Но что, собственно говоря, я должна понять? Я знаю, что существует болезнь — безумие. Я знаю, что такие больные не понимают, что они потеряли разум. Вот, пожалуй, и все, что мне известно об этом. Мои знания ограничиваются чтением по диагонали женского журнала да уроками философии в последнем классе лицея, которые уже давным-давно выветрились из моей головы. Я не могу себе объяснить, путем каких оберраций я пришла к таким выводам, но, во всяком случае, наверное, факты не так уж далеки от того, как я представляю себе все.
Кто такой Морис Коб?
Надо встать, зажечь повсюду свет и тщательно осмотреть дом.
Я подошла к окну, раздвинула шторы и вдруг почувствовала себя еще более беззащитной. Это потому, что я оставила ружье на диване. Какая нелепость, кто может появиться здесь в такой поздний час!
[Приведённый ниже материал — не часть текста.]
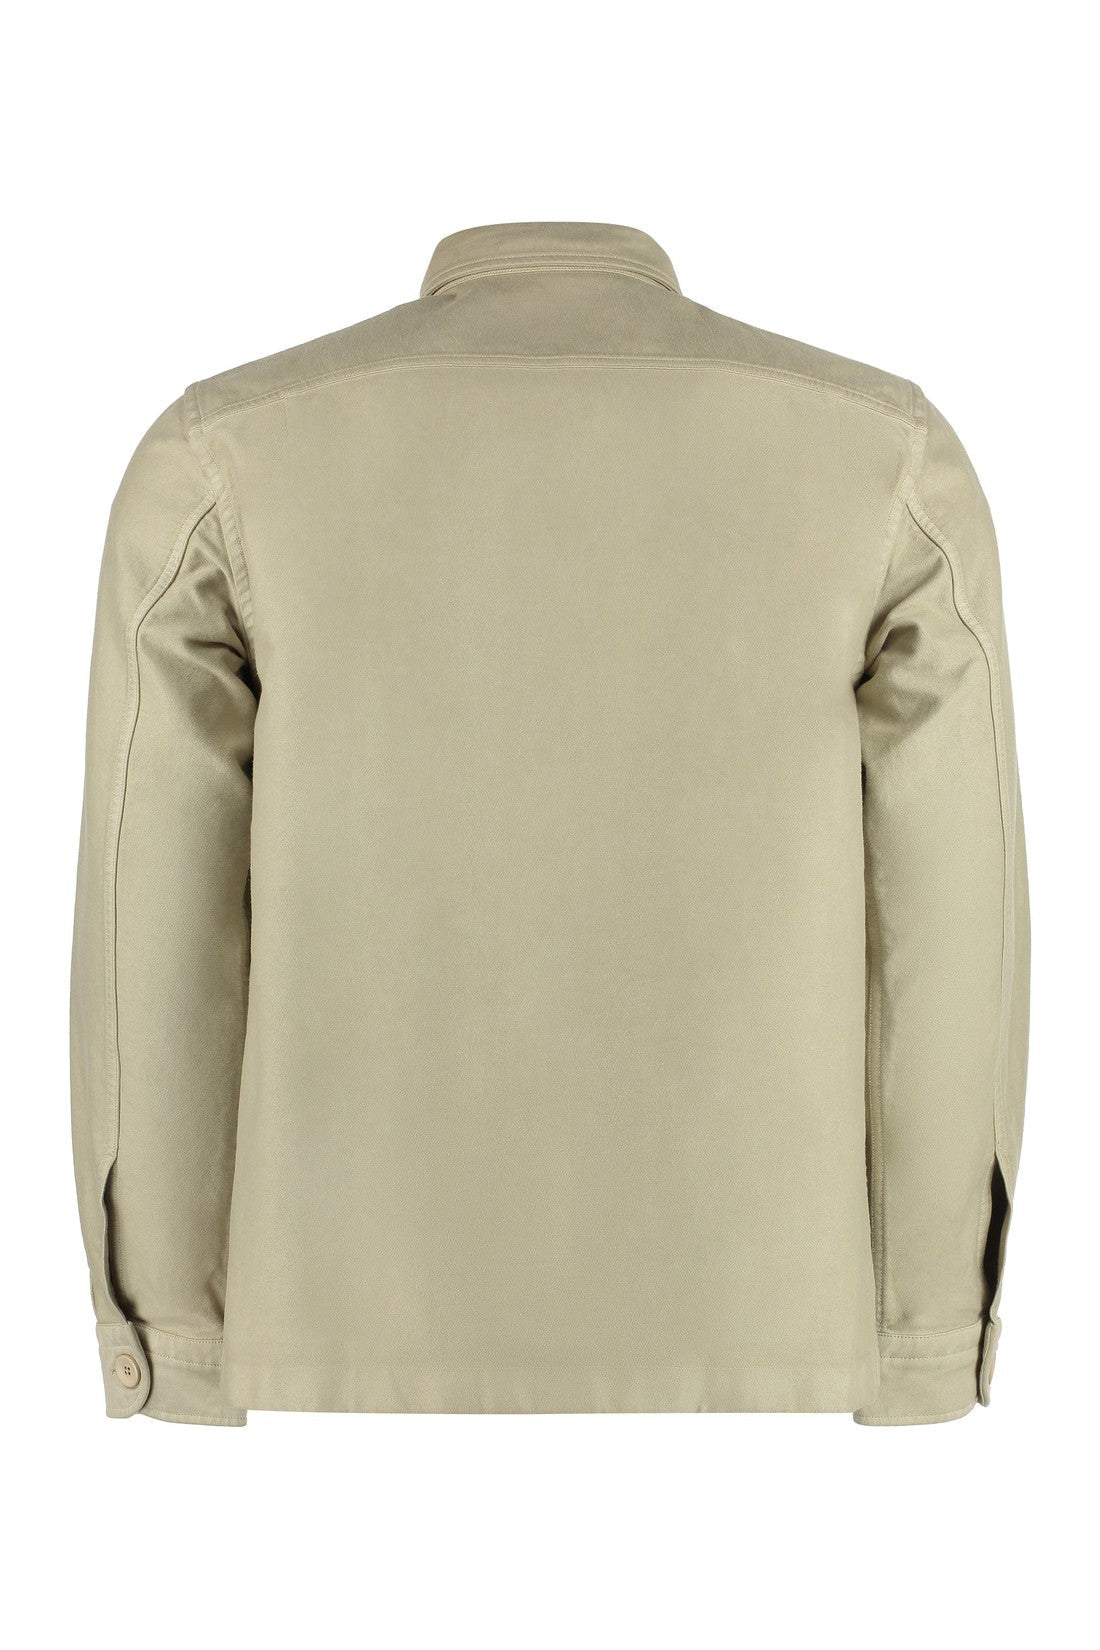 Tom Ford-OUTLET-SALE-Cotton overshirt-ARCHIVIST

На дворе уже почти ночь, светлая ночь, которую кое-где пробивают мирные огоньки. Впрочем, кому я нужна? Только себе самой. Цюрих. Больница. Вот так-то. Тогда я тоже хотела умереть. Я сказала доктору: «Убейте меня, прошу вас, yбейте». Он этого не сделал. Если в течение многих лет живешь с уверенностью, что ты преступник, то в конце концов привыкаешь к этой мысли и теряешь разум. Наверное, в этом все дело.
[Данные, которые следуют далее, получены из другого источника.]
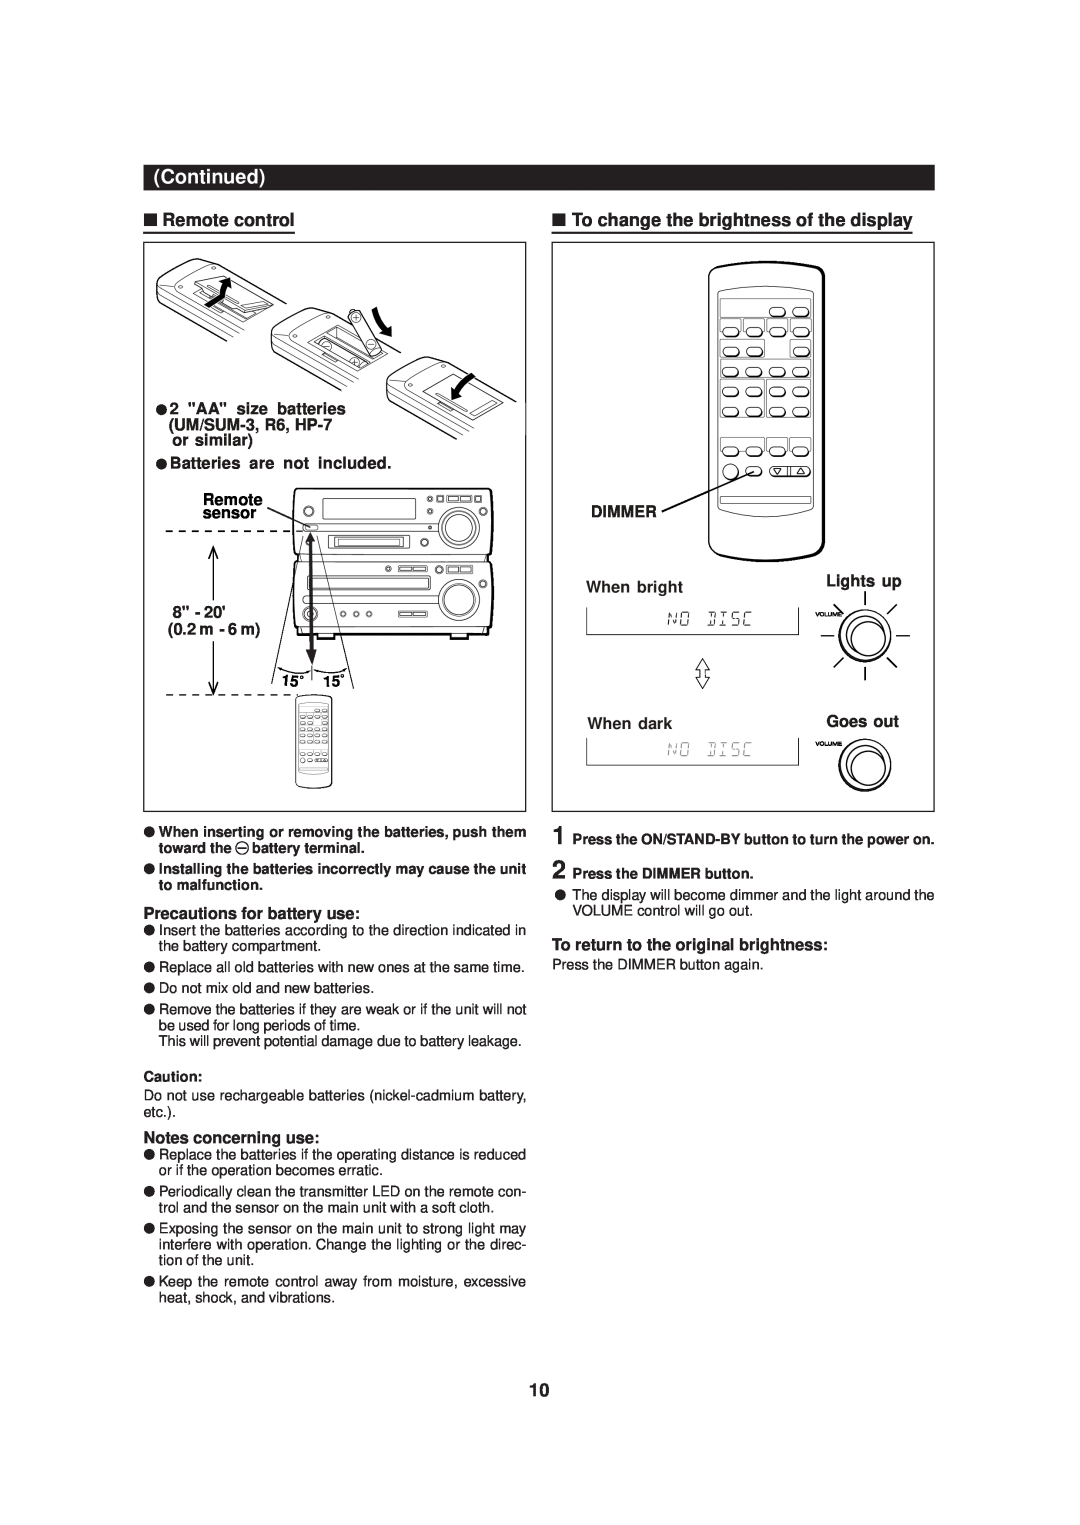 Sharp MD-MX20 operation manual To change the brightness of the display, Continued, Remote control

Когда умерла Мамуля, меня оповестили слишком поздно, и я опоздала на похороны, а одна из монахинь сказала мне: «Ведь надо было предупредить и других бывших воспитанниц, вы же не единственная». В тот день я перестала быть единственной для Мамули и никогда уже не была единственной ни для кого. А ведь я могла бы стать единственной для одного маленького мальчика. Не знаю почему — врачи мне ничего не сказали, — но я всегда была уверена, что ребенок, которого я носила в себе, был мальчик. Я храню его образ в своем сердце, как будто он живет. Сейчас ему три года и пять месяцев. Он должен был родиться в марте. У него черные глаза отца, мои светлые волосы и широко расставленные два передних зуба. Я знаю его походку, манеру говорить, и я продолжаю, все время продолжаю его убивать.
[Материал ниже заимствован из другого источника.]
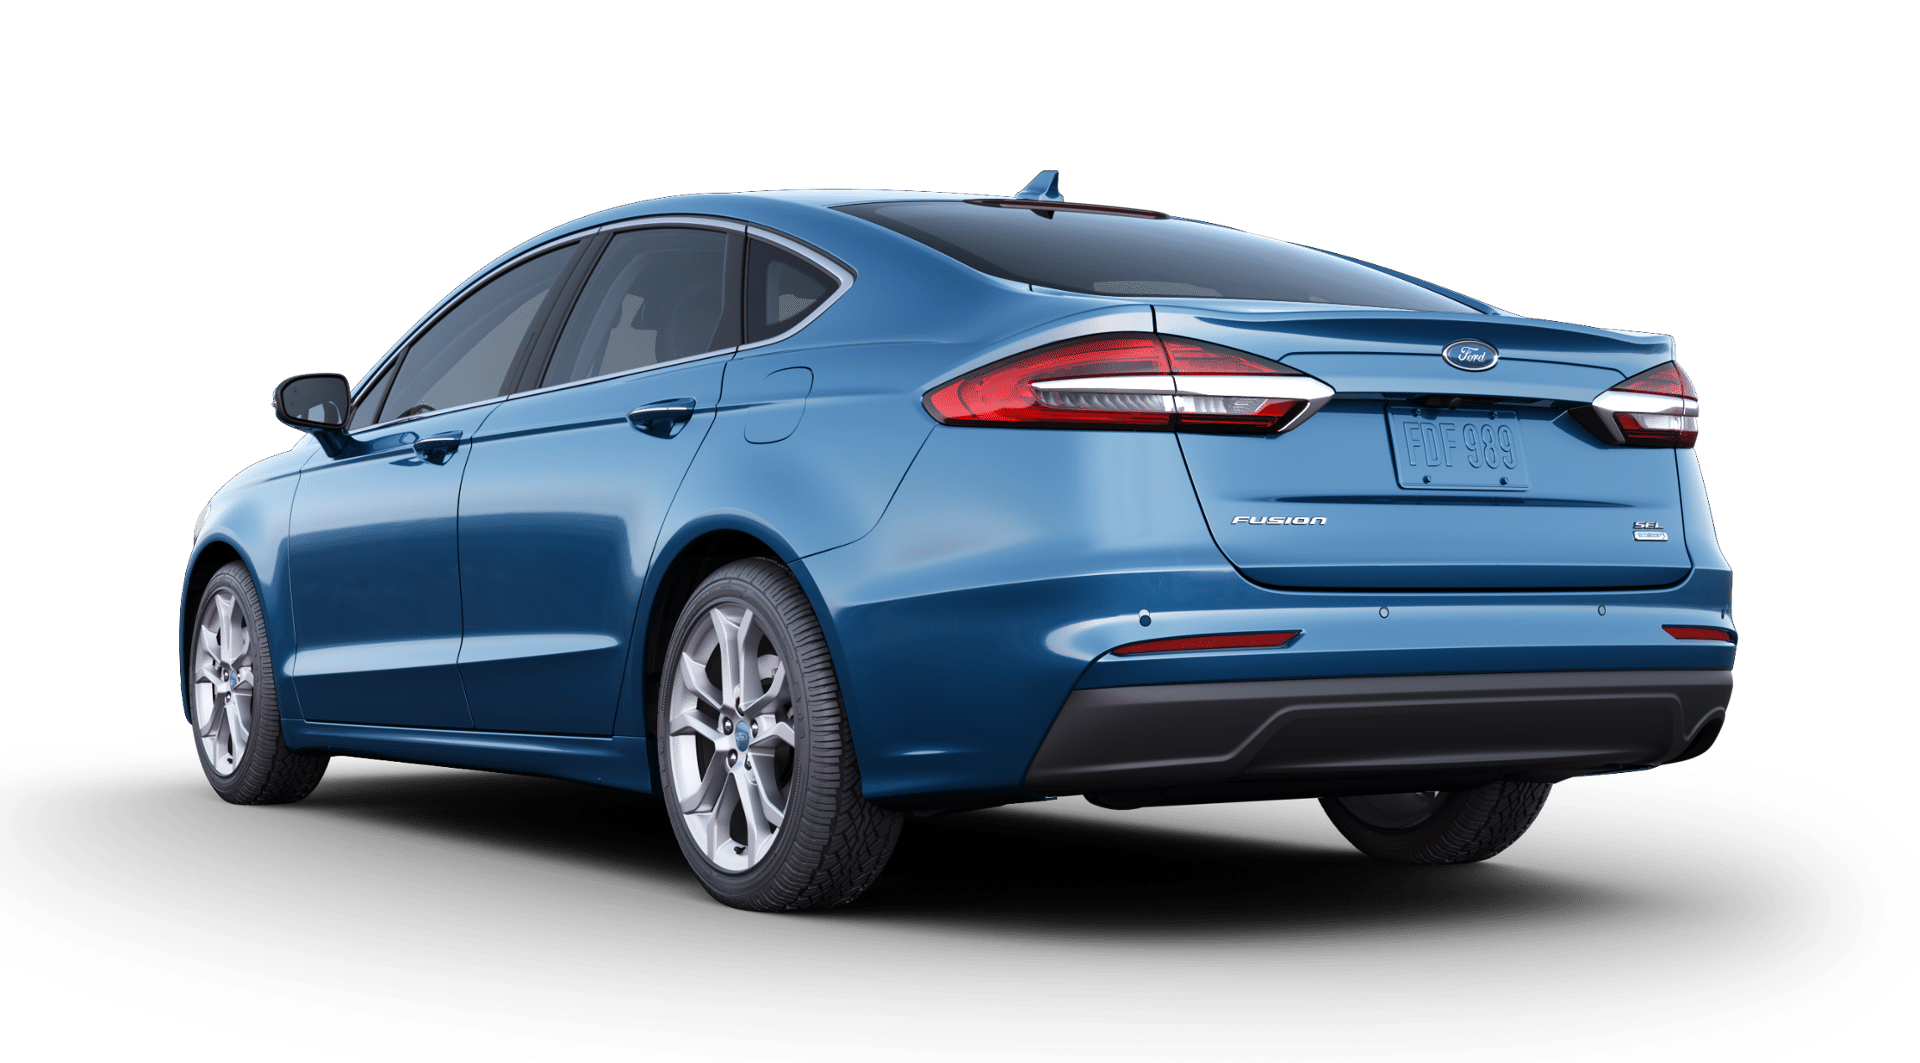 New Velocity Blue Color For The 2019 Ford Fusion First Look

Я не могу больше оставаться одна.
Надо выйти отсюда, убежать из этого дома. Мой костюм совсем грязный. Я заберу свое пальто, которое должен привезти Жан Ле Гевен. Пальто прикроет грязь. Я присвою эту машину, я поеду прямо к итальянской или испанской границе, я удеру из Франции и, воспользовавшись оставшимися у меня деньгами, уеду как можно дальше… Надо вымыть лицо холодной водой… Мамуля была права, мне следовало забрать из банка все деньги и сразу же удрать. Мамуля всегда права. Сейчас я была бы уже далеко от всего этого. Который час? Мои часы стоят. Надо причесаться.
Я вышла, включила фары машины и взглянула на приборный щиток — больше половины одиннадцатого. Рекламная Улыбка, должно быть, уже ждет меня. Я знаю, что он будет меня ждать. Я поехала по асфальтовой дорожке. Ворота так и остались раскрытыми. Внизу виднелись огни Авиньона. Ветерок, обвевавший меня, доносил шум праздничного гулянья. Трупа в машине уже нет, не так ли? Да, нет. Кстати, чтобы пересечь испанскую границу, нужен паспорт? А там — Андалузия, теплоход, Гибралтар. Красивые названия, новая жизнь где-то далеко-далеко. На этот раз я покидаю саму себя. Навсегда.
Жан Ле Гевен уже ждет меня. Поверх рубашки на его плечи накинута кожаная куртка. Он сидит в пивном баре за мраморным столиком. На диванчике рядом с ним лежит пакет, завернутый в коричневую бумагу. Пока я иду к нему через зал, он мне улыбается. Больше я не буду никого беспокоить. А сейчас надо держаться.